July 12, 2017
Renzo Piano's Eighty Seven Park Gets an Artful Addition from Ruben and Isabel Toledo

What’s Miami without a bit of Cuban flair? The Florida city’s rich Cuban influences are manifesting in an unexpected new collaboration between Renzo Piano’sEighty Seven Park residences and Cuban-American artist-and-designer couple Ruben and Isabel Toledo. In a partnership conceived by David Martin, president of Terra, the project’s developer, the Toledos will create all branding and marketing materials for the full-service residences, from signage to staff uniforms.

“One of the biggest dilemmas for us in real estate is how do we create a lifestyle in a way that’s not contrived,” muses Martin. “So we really view illustrations as art and something that sets an example and lets people connect with the product. At the end of the day, a home is the most important assets people buy, and they take pride in it, so we want to ensure each owner that every aspect is well thought out.”

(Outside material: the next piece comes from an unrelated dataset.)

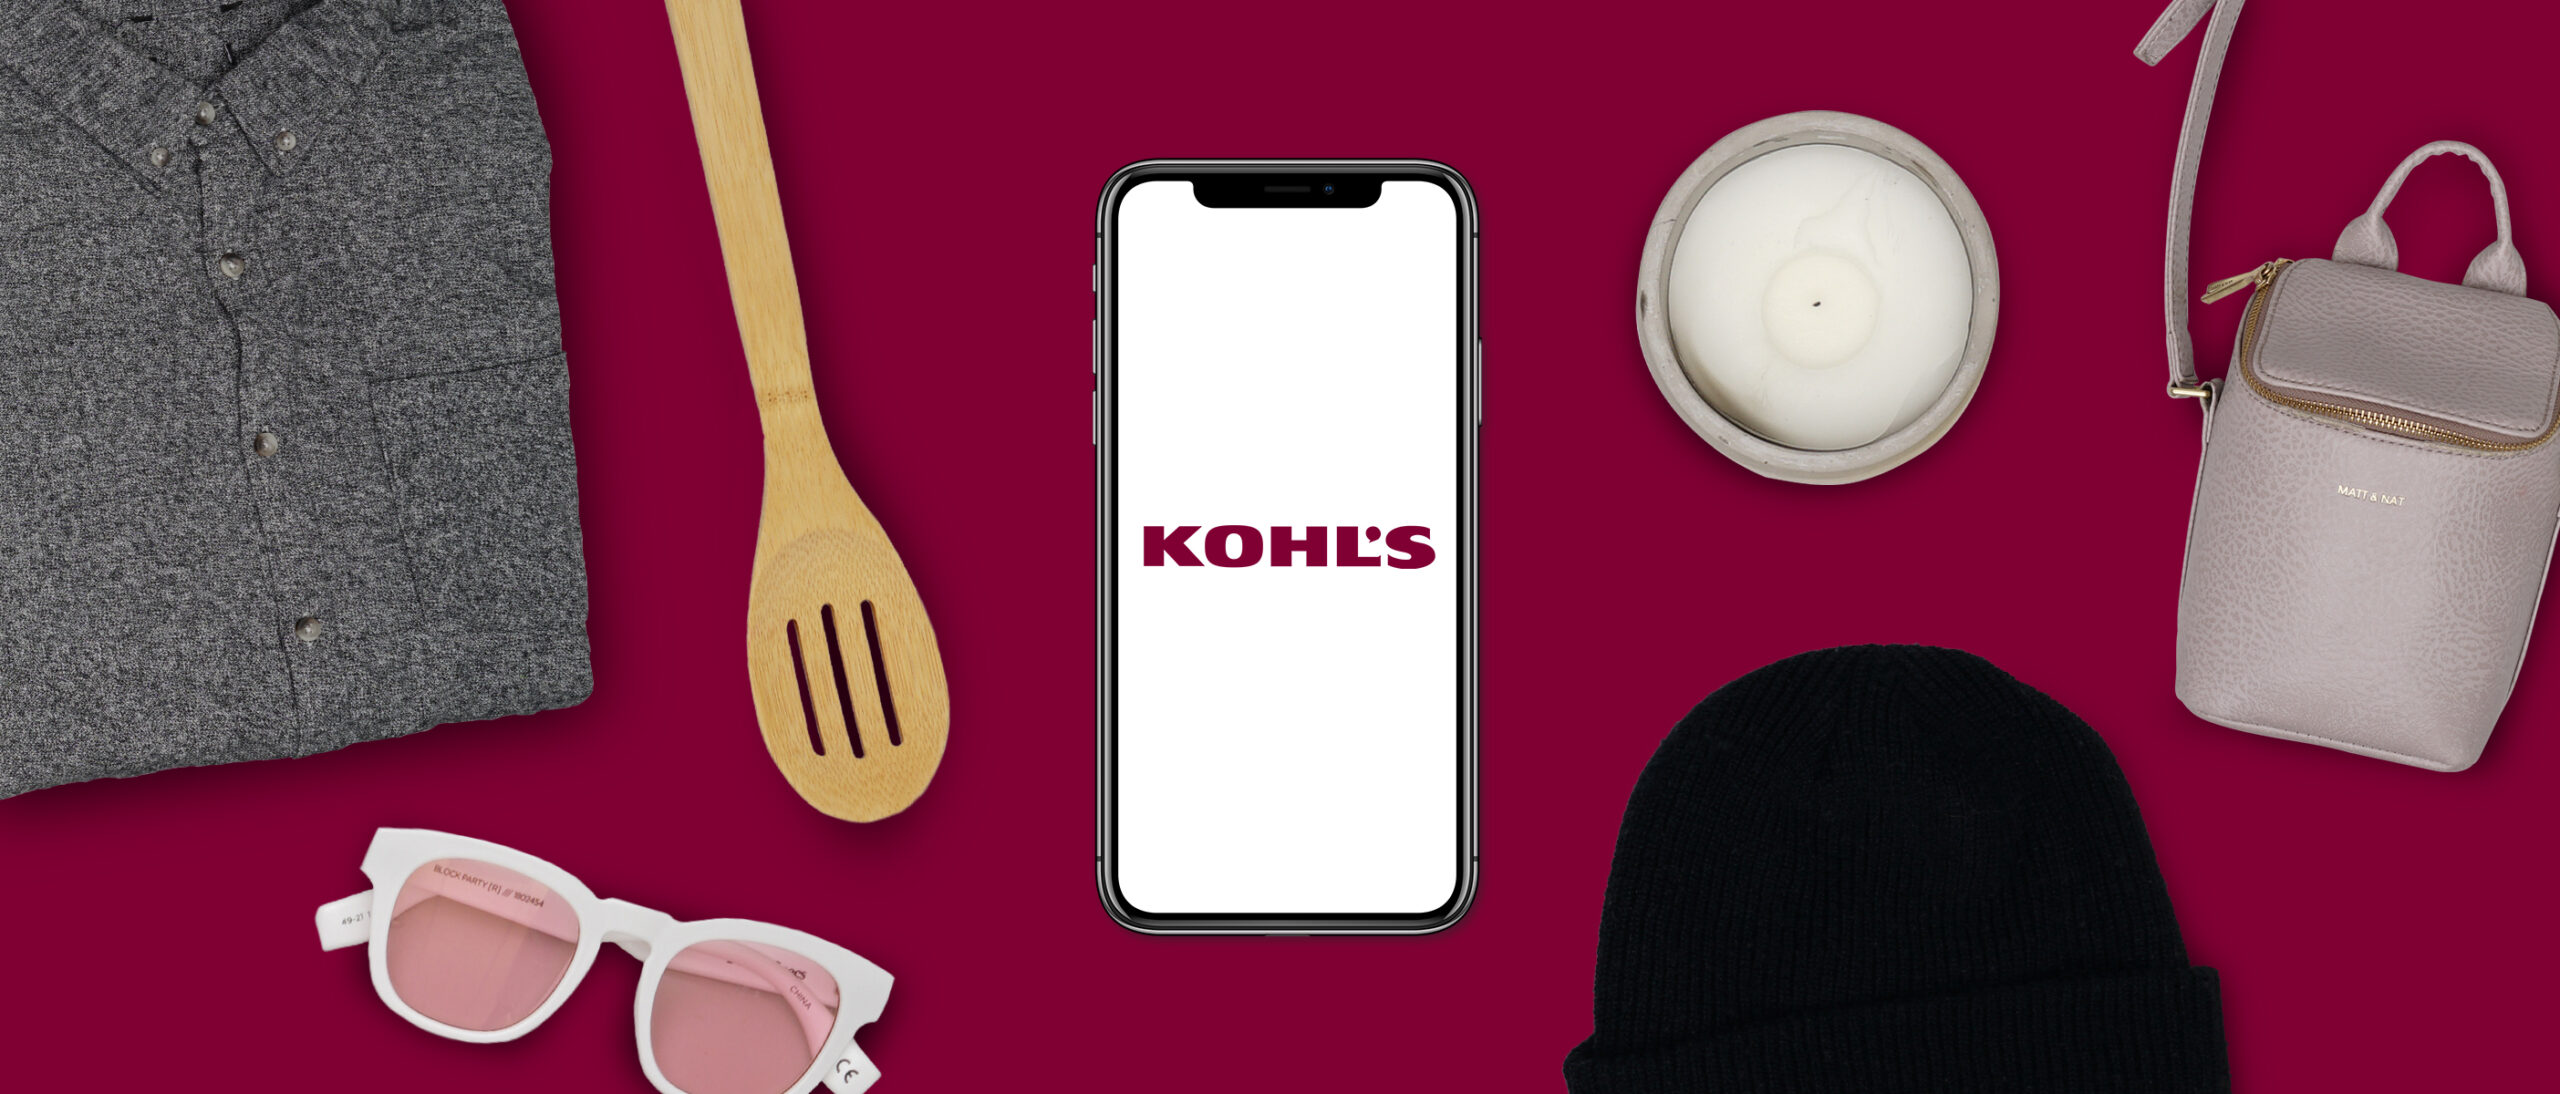 Does Kohl’s Price Match? Everything You Need To Know

In defining a lifestyle for Eighty Seven Park, Martin thought it only natural to turn to the Toledos, longtime friends of his whom he had commissioned in the past to work on other properties. “The Toledos did the Miami City Ballet costumes for their production of The Nutcracker, and they have a great connection to the city, so it felt like the right fit.”

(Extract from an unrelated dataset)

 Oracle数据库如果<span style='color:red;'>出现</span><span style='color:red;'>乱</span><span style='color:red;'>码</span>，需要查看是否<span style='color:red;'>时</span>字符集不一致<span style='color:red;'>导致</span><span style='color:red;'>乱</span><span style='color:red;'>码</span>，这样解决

Martin sees such a holistic approach to branding as a direction in which developers should be moving. “Design isn’t just the architecture; it’s all-encompassing,” he says. “The more we can introduce collaborations and commissions, that elevates the brand and creates an emotional connection to the building.”

The Toledo’s artistic interpretation of this connection reference everything from the property’s unique surroundings to the culture of Miami. “When we commissioned Renzo, he said he wanted people to feel like they were living inside a park,” explains Martin. “So we have the beach to the south, and we created little two-acre parks to the north of the residences. This nature component is something that’s not typical. You’re either in the park or on the beach, but you don’t usually get both. A lot of these illustrations reference that.”

So far, Terra has released Ruben’s illustrations; Isabel’s uniform designs will be unveiled closer to the project’s fall 2018 opening date. And we can expect to see more from the Toledos in future Terra buildings, too: Martin says he plans to try to incorporate them in every project going forward, favoring their analog creations to more sterile renderings. “Their art just kind of helps ground us more in this digital age, more so than this high-tech imagery that we’ve grown accustomed to.”